Looks like your right (once again) with that suggestion of the FMS problem @angus-g . It’s able to run now that I’ve removed the monthly diagnostics. It’s not that important now, but any suggestion on how to start saving monthly output without starting from day 0 again?
There’s still the issue of payu not responding to command line arguments but I should be able to find the problem for this one.

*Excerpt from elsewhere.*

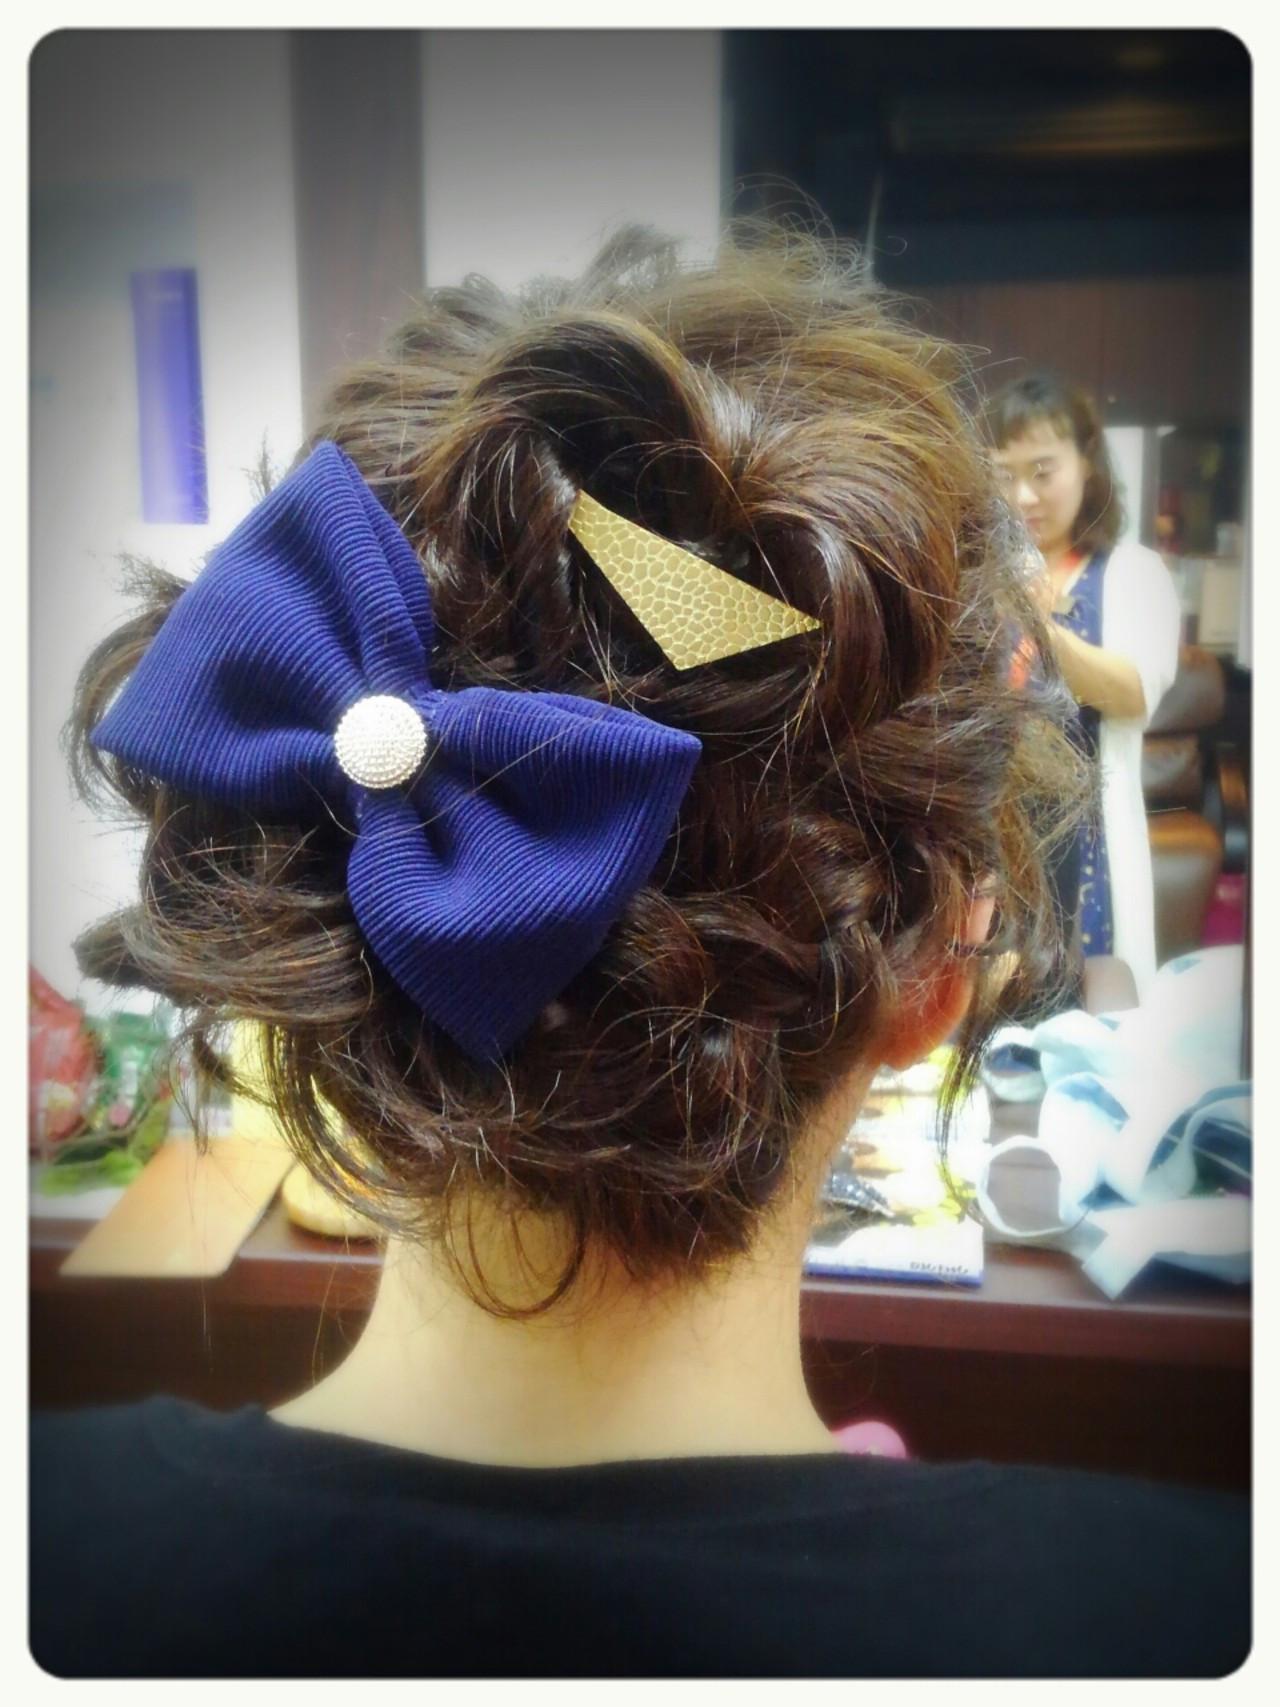 ハートモチーフでガーリーに♡とびきり可愛くなれちゃうハートのヘアアレンジ10選 えんどう いづみ

In regards to setting up Interannually Forced runs, are there any quick pointers? Otherwise I’ll have more of a read and then make a new post if/when I get stuck.
I guess you’d probably want to run a segment to line back up with the start of a month, and then resume running segments of at least one month in length from there on.
I think payu prints its submission command when you run it, I think that would be a useful diagnostic to see if it’s setting the correct environment variable, but it’s not making it through. Or perhaps look at the slurm output for a run you expect to continue, and see if it fails to execute the resubmission command.
I don’t think there’s anything automated for this, unfortunately. @ashjbarnes might have some experience with this by now? You can fiddle around with the data_table after a year of running, although I expect FMS might complain about trying to interpolate beyond the end of the year unless everything is set up perfectly on the time axes.
What I’ve done in the automated pipeline is to reset the calendar of all my forcing files to be DAYS SINCE your experiment start date. I don’t yet know whether this will mess other things up, but at least it handles issues related to calendar type (unless, god forbid, you trip to run your model on an actual leap year)
I haven’t automated data_table modification for IAF runs though and probably won’t. It would be awesome if someone put this functionality into the pipeline though!
If we use a sufficiently modern version of FMS, with -Duse_yaml specified when building, it actually supports a data_table.yaml. That would be pretty easy to process with Python-based tools if necessary. I’m not sure about how to automatically grab the date from the current/latest run though. Otherwise, just replacing a sentinel value like YEAR from a template file is easy enough.